PROBLEM DETAILS:
Your answer should hold exactly the lines beginning with the one that contains "2017香港特区邮票展览纪念封-2_resize.jpg" and ending with the last line of the material, both included. Leave every picture out.

SUPPLIED MATERIAL:
☆ ☆ ☆ ☆

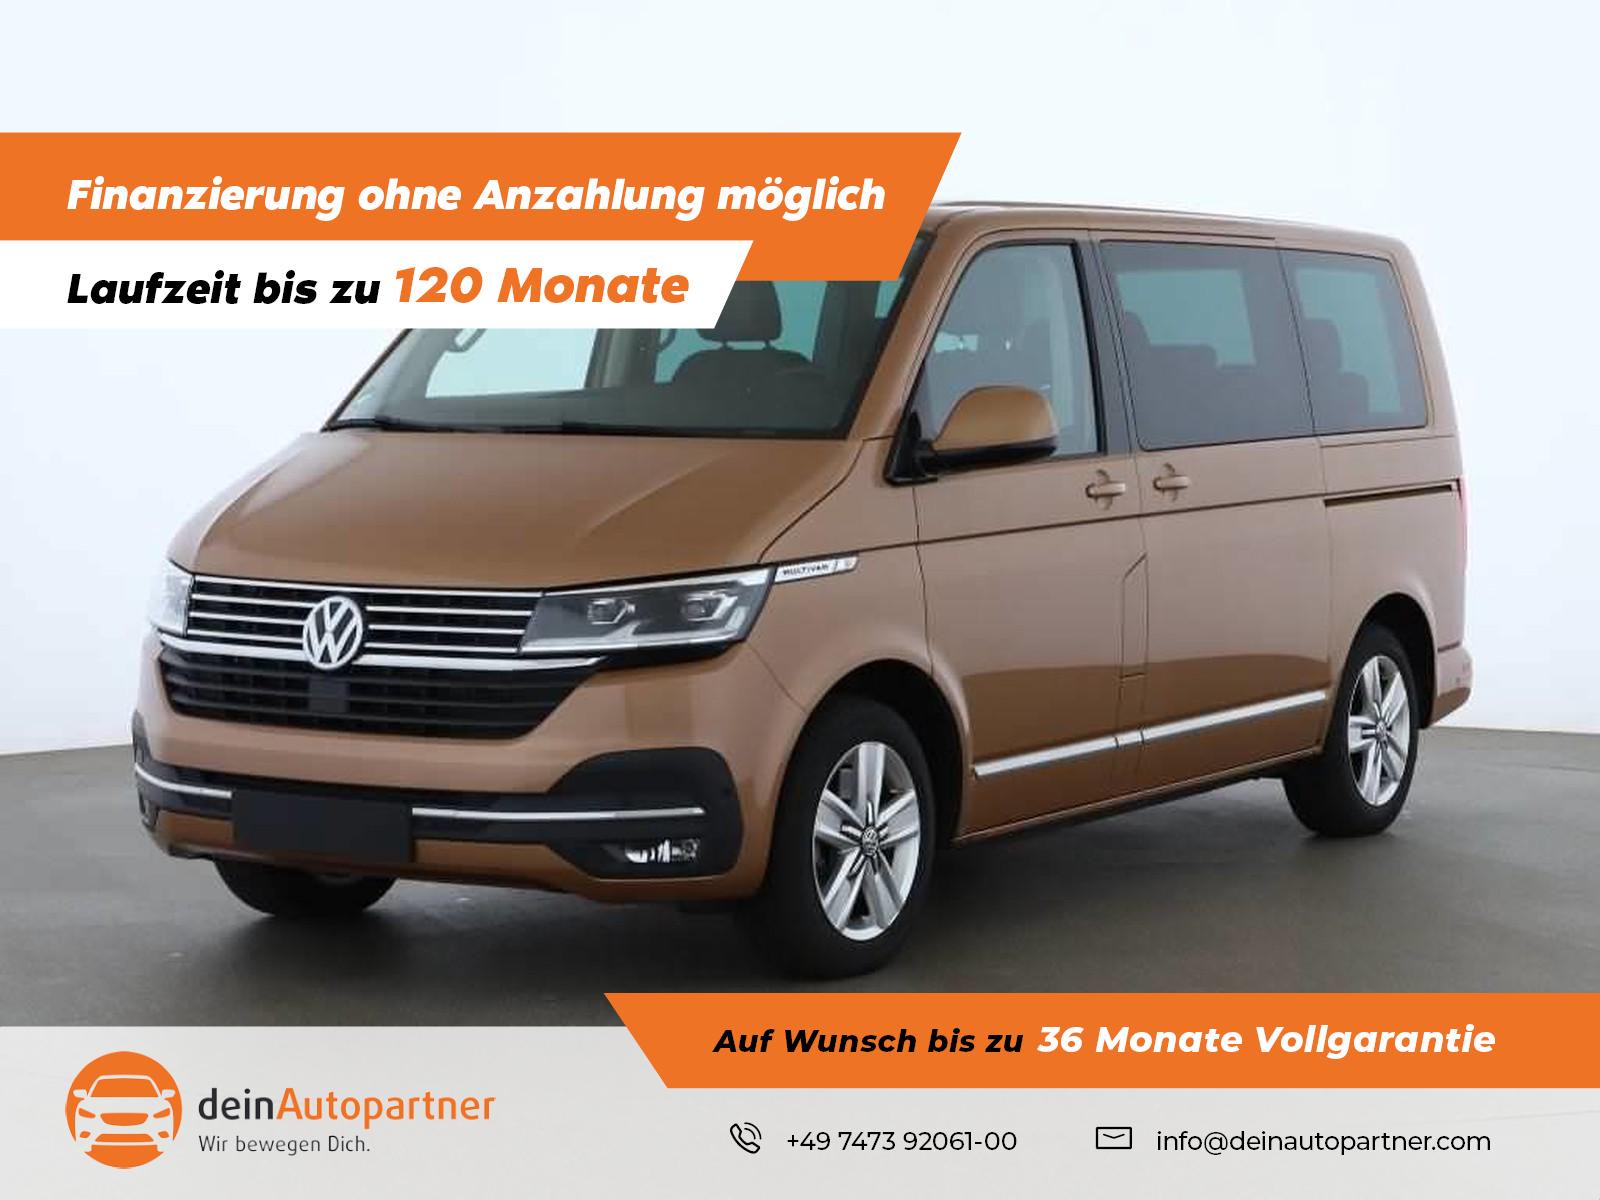 Volkswagen T6.1 Multivan gebraucht kaufen in Mössingen Preis 57690
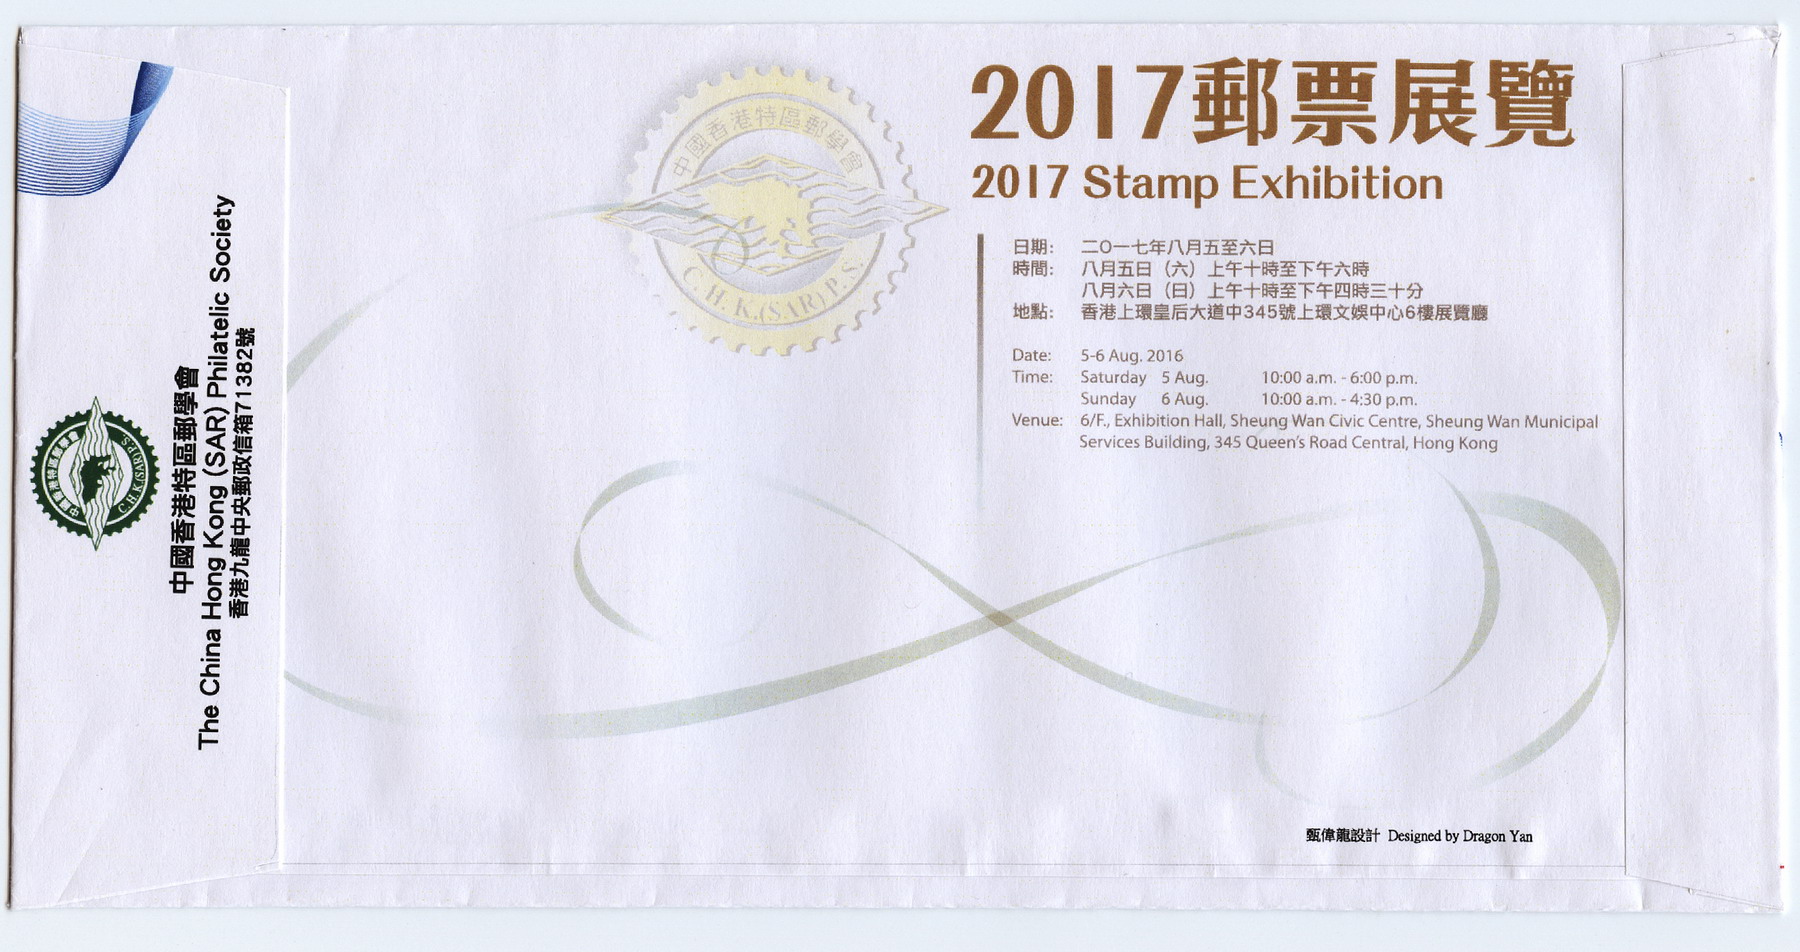 2017香港特区邮票展览纪念封-2_resize.jpg
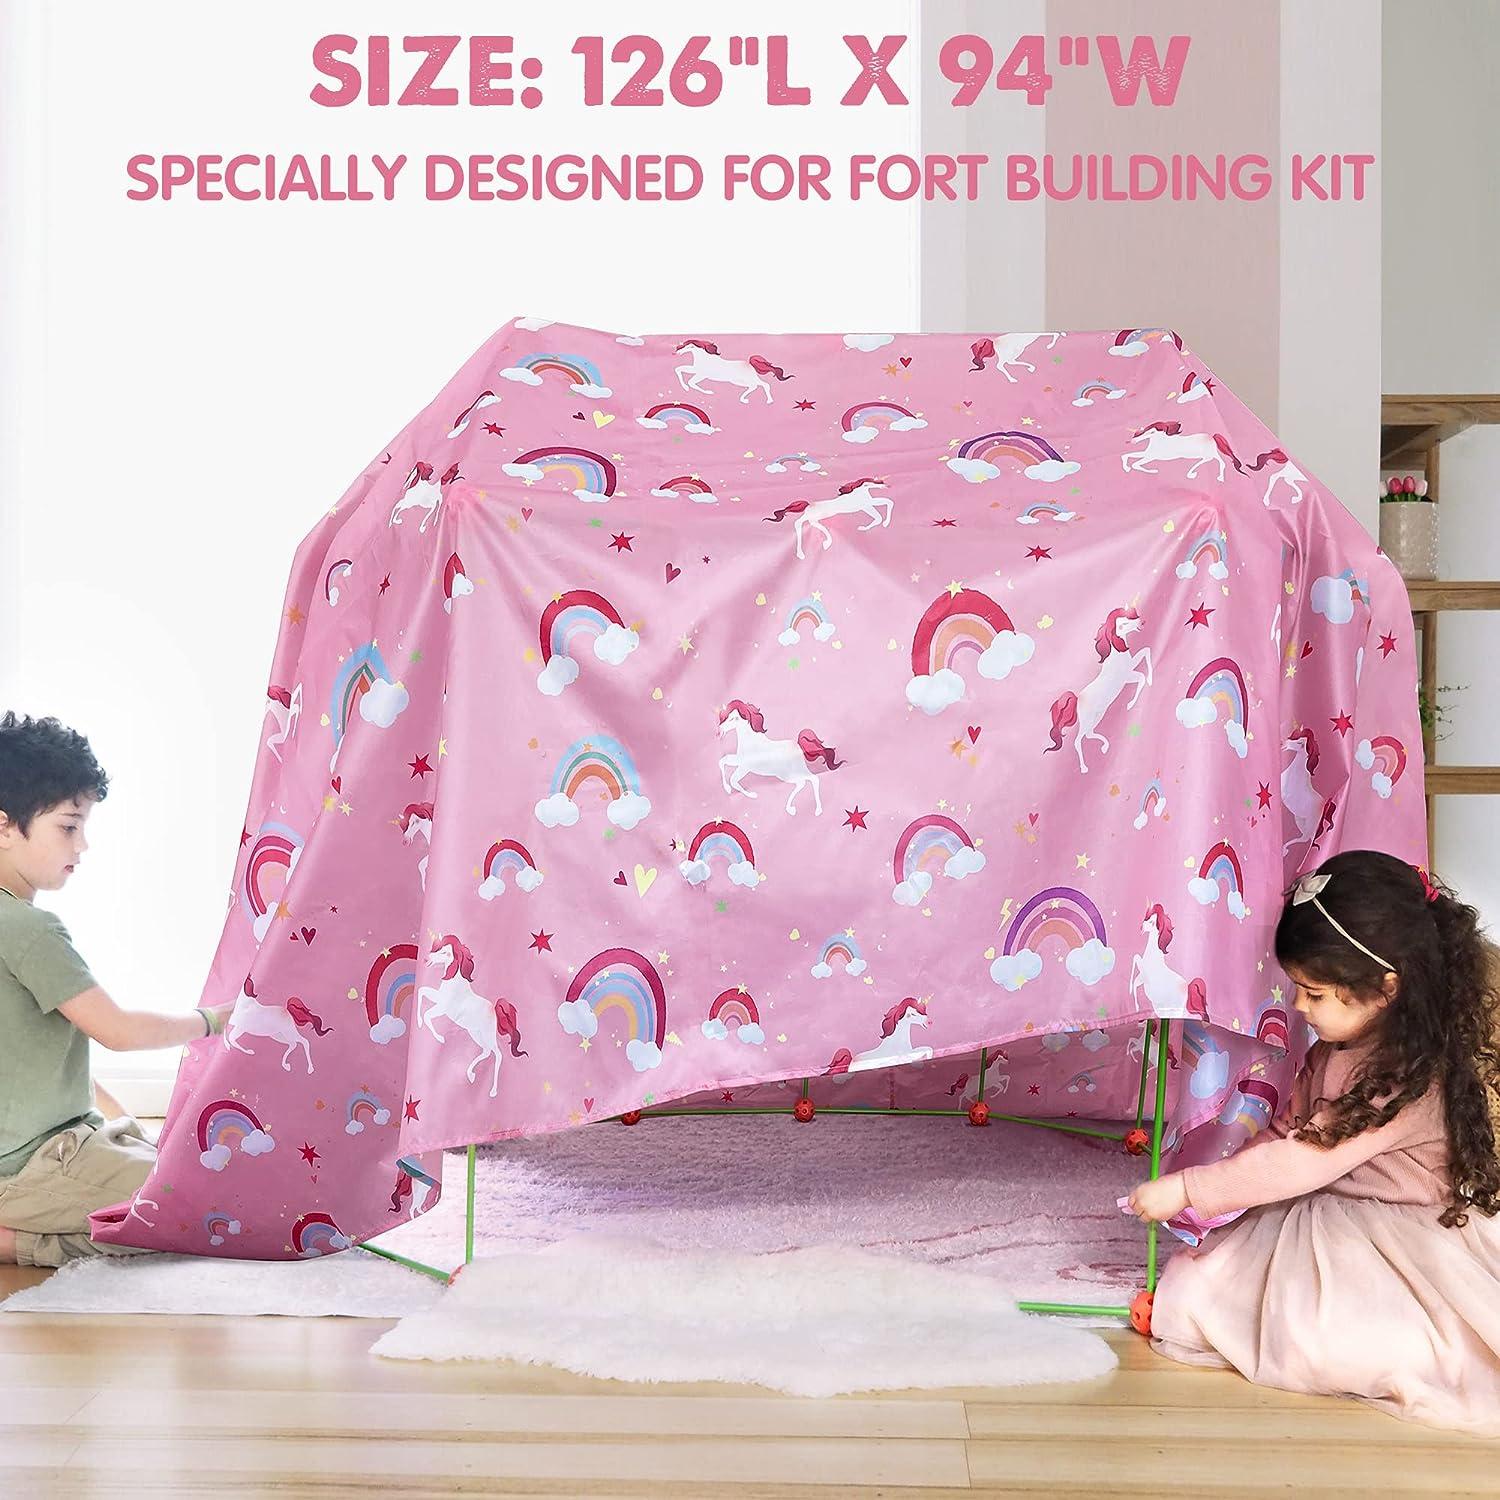 Blanket Fort for Kids, Fits Fort Building Kit, Kids Fort, Pink

☆ ☆ ☆ ☆

SOLUTION:
 2017香港特区邮票展览纪念封-2_resize.jpg
 Blanket Fort for Kids, Fits Fort Building Kit, Kids Fort, Pink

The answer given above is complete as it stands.